Data for this exercise:
╭──
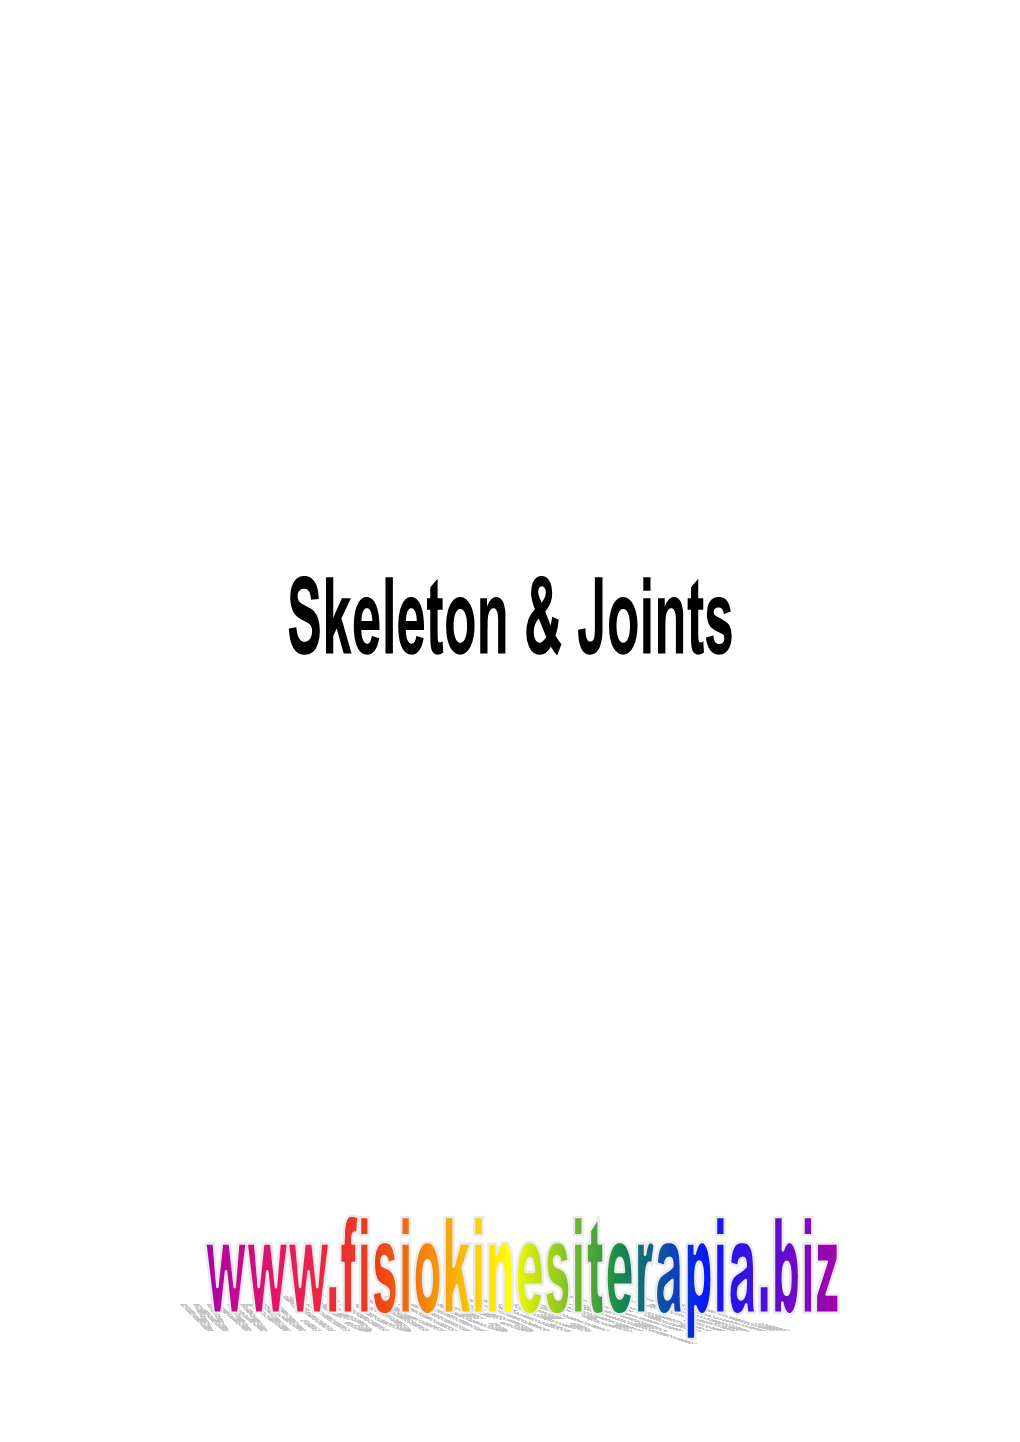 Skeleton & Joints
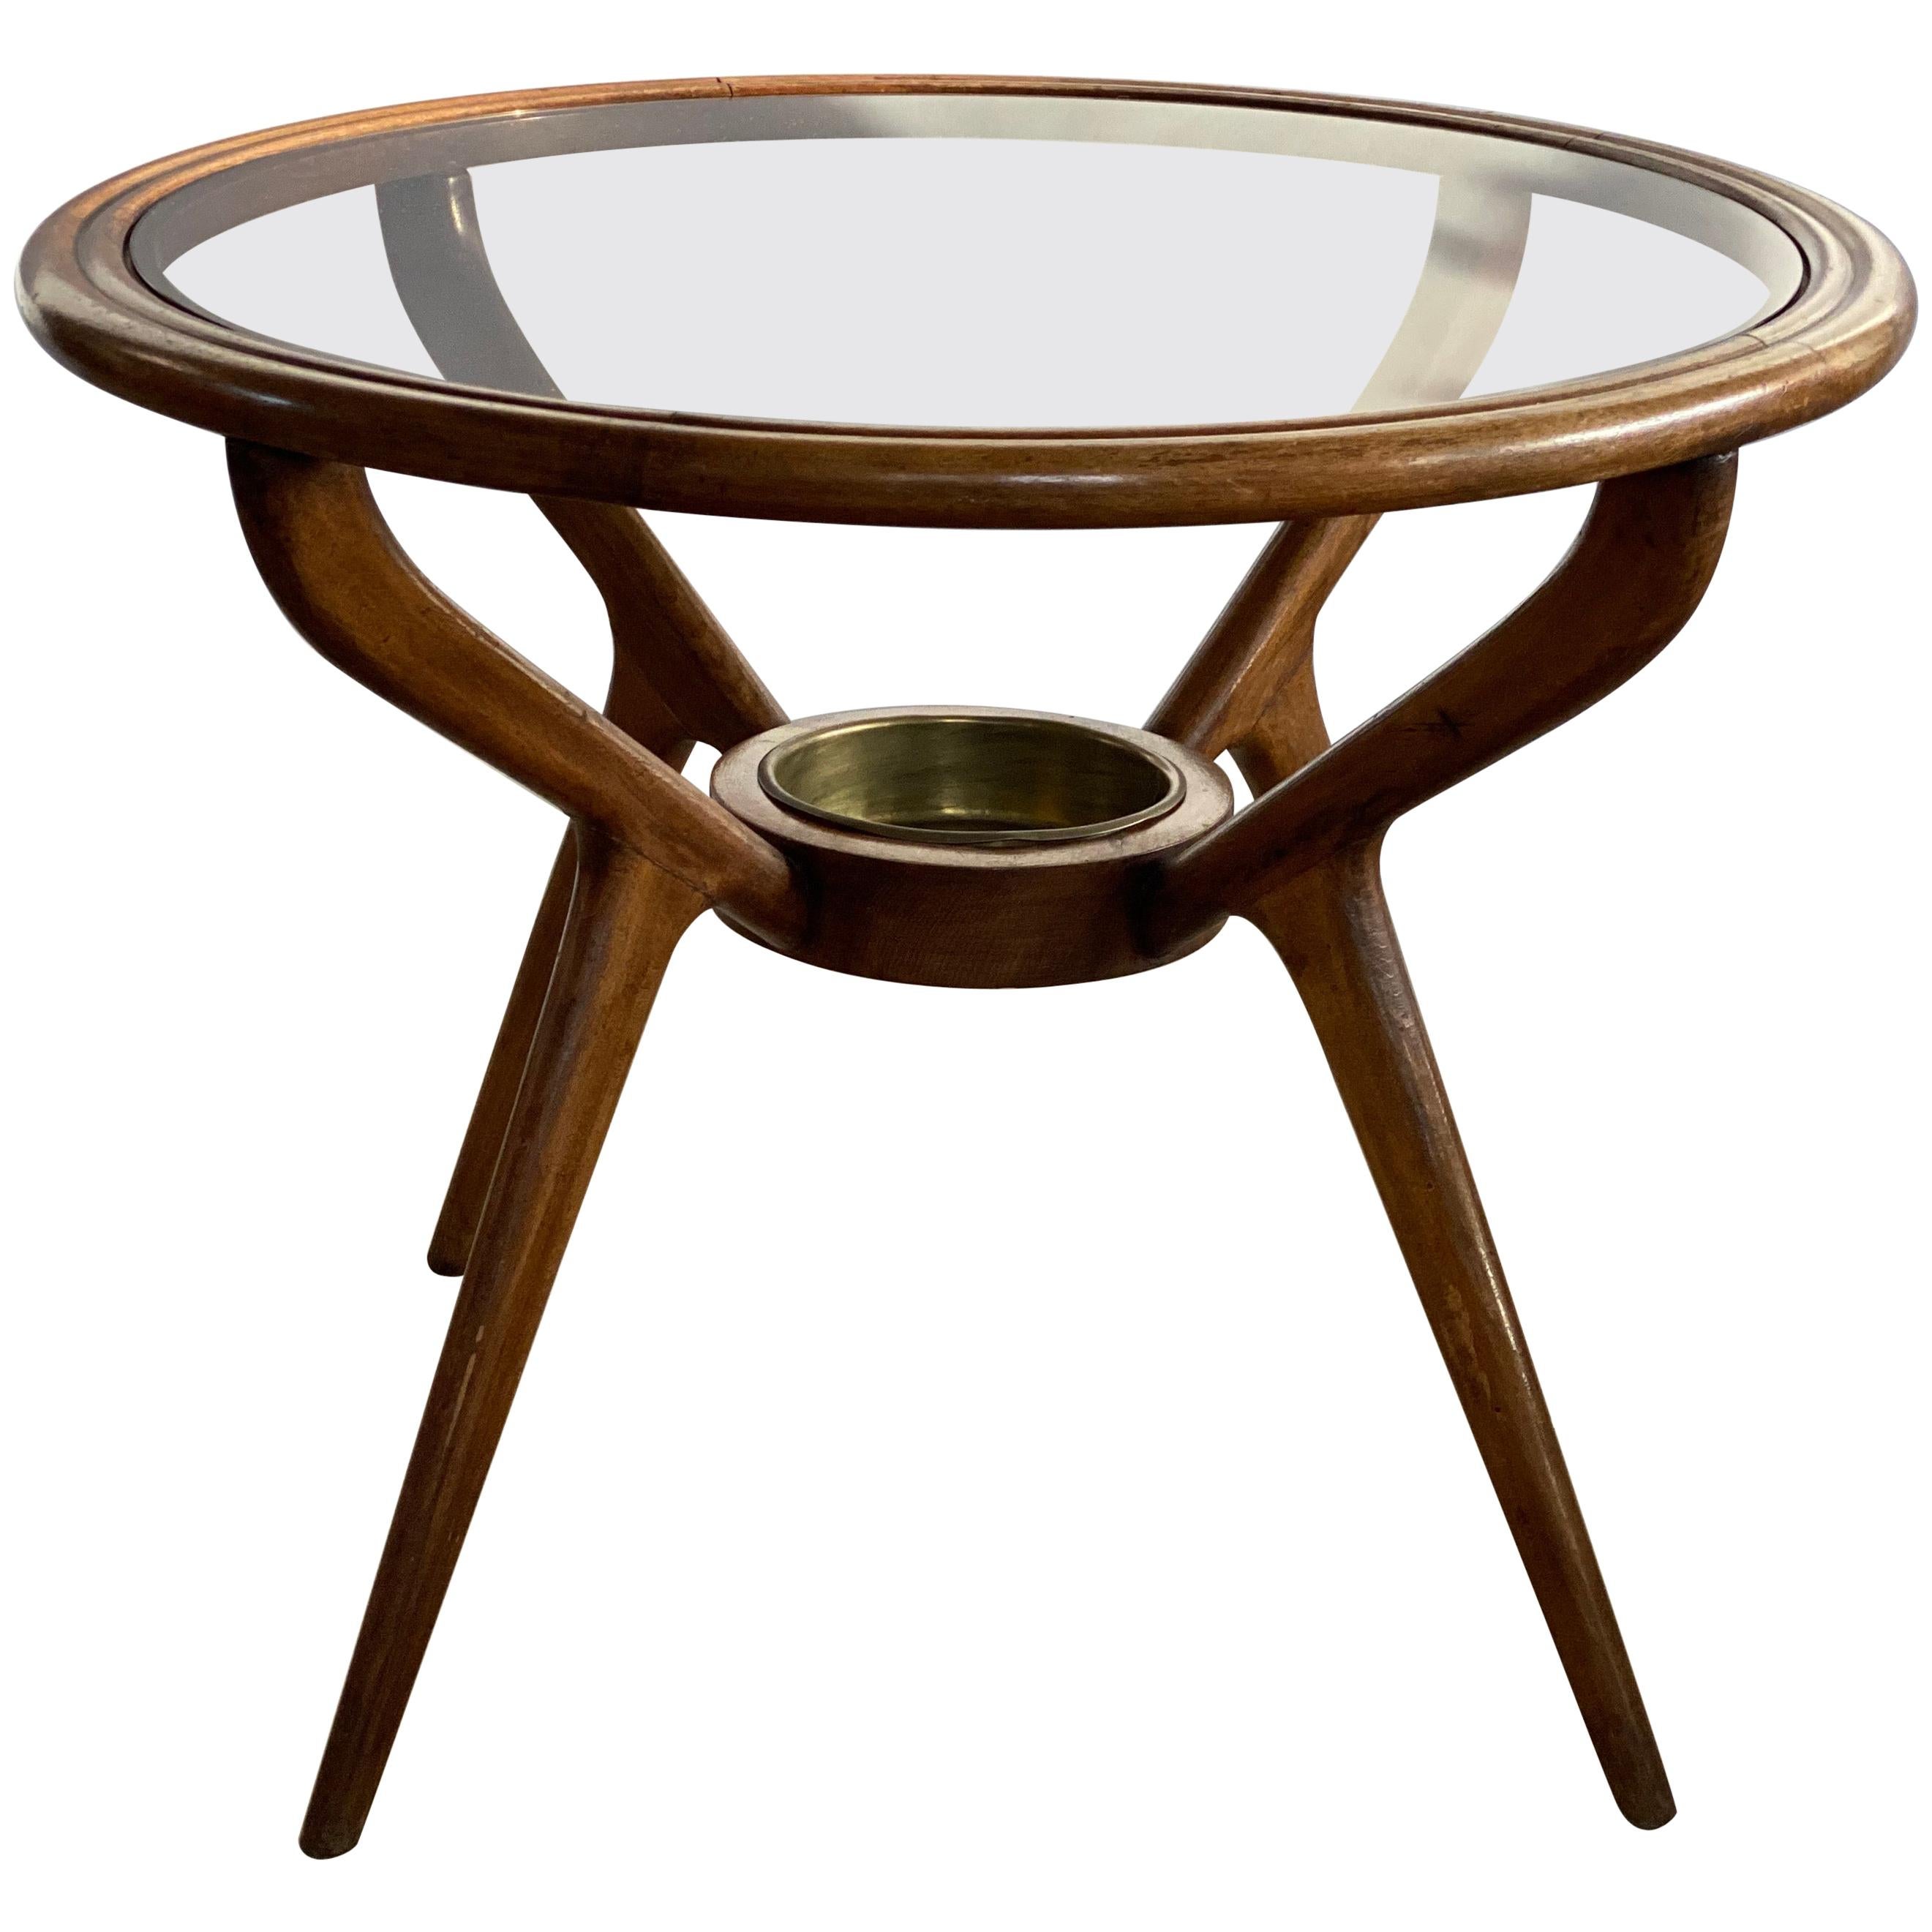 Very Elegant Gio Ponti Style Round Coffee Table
╰──
╭──
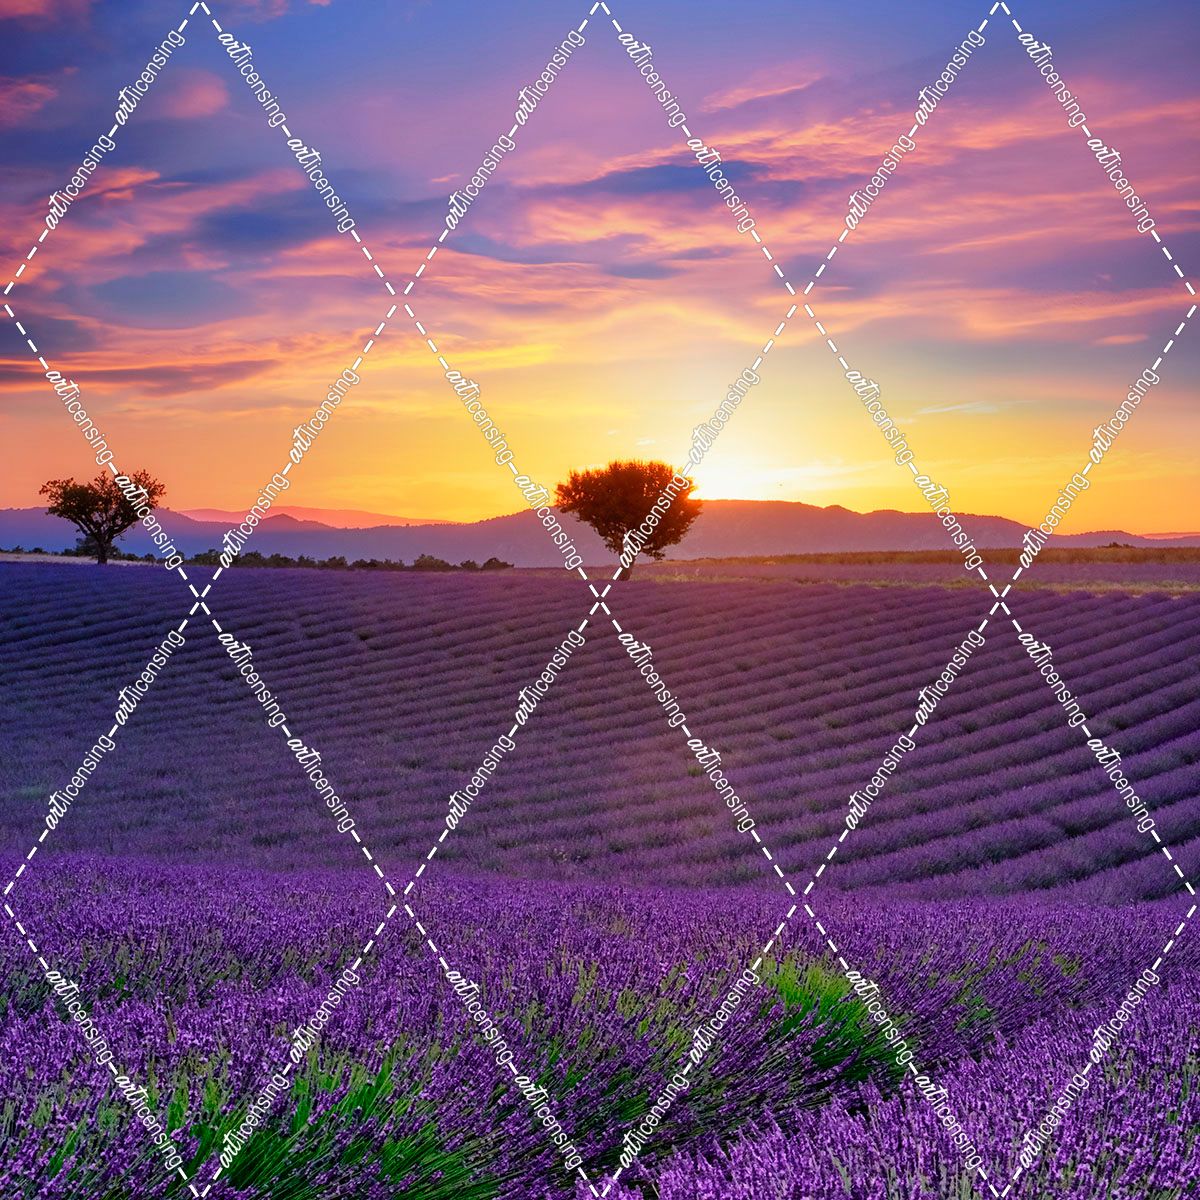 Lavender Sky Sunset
╰──
Exercise requirements:
The reply should hold the entries above from the line with "Skeleton & Joints" to the line with "Very Elegant Gio", duplicated exactly, pictures excluded.

Exercise answer:
 Skeleton & Joints
 Very Elegant Gio Ponti Style Round Coffee Table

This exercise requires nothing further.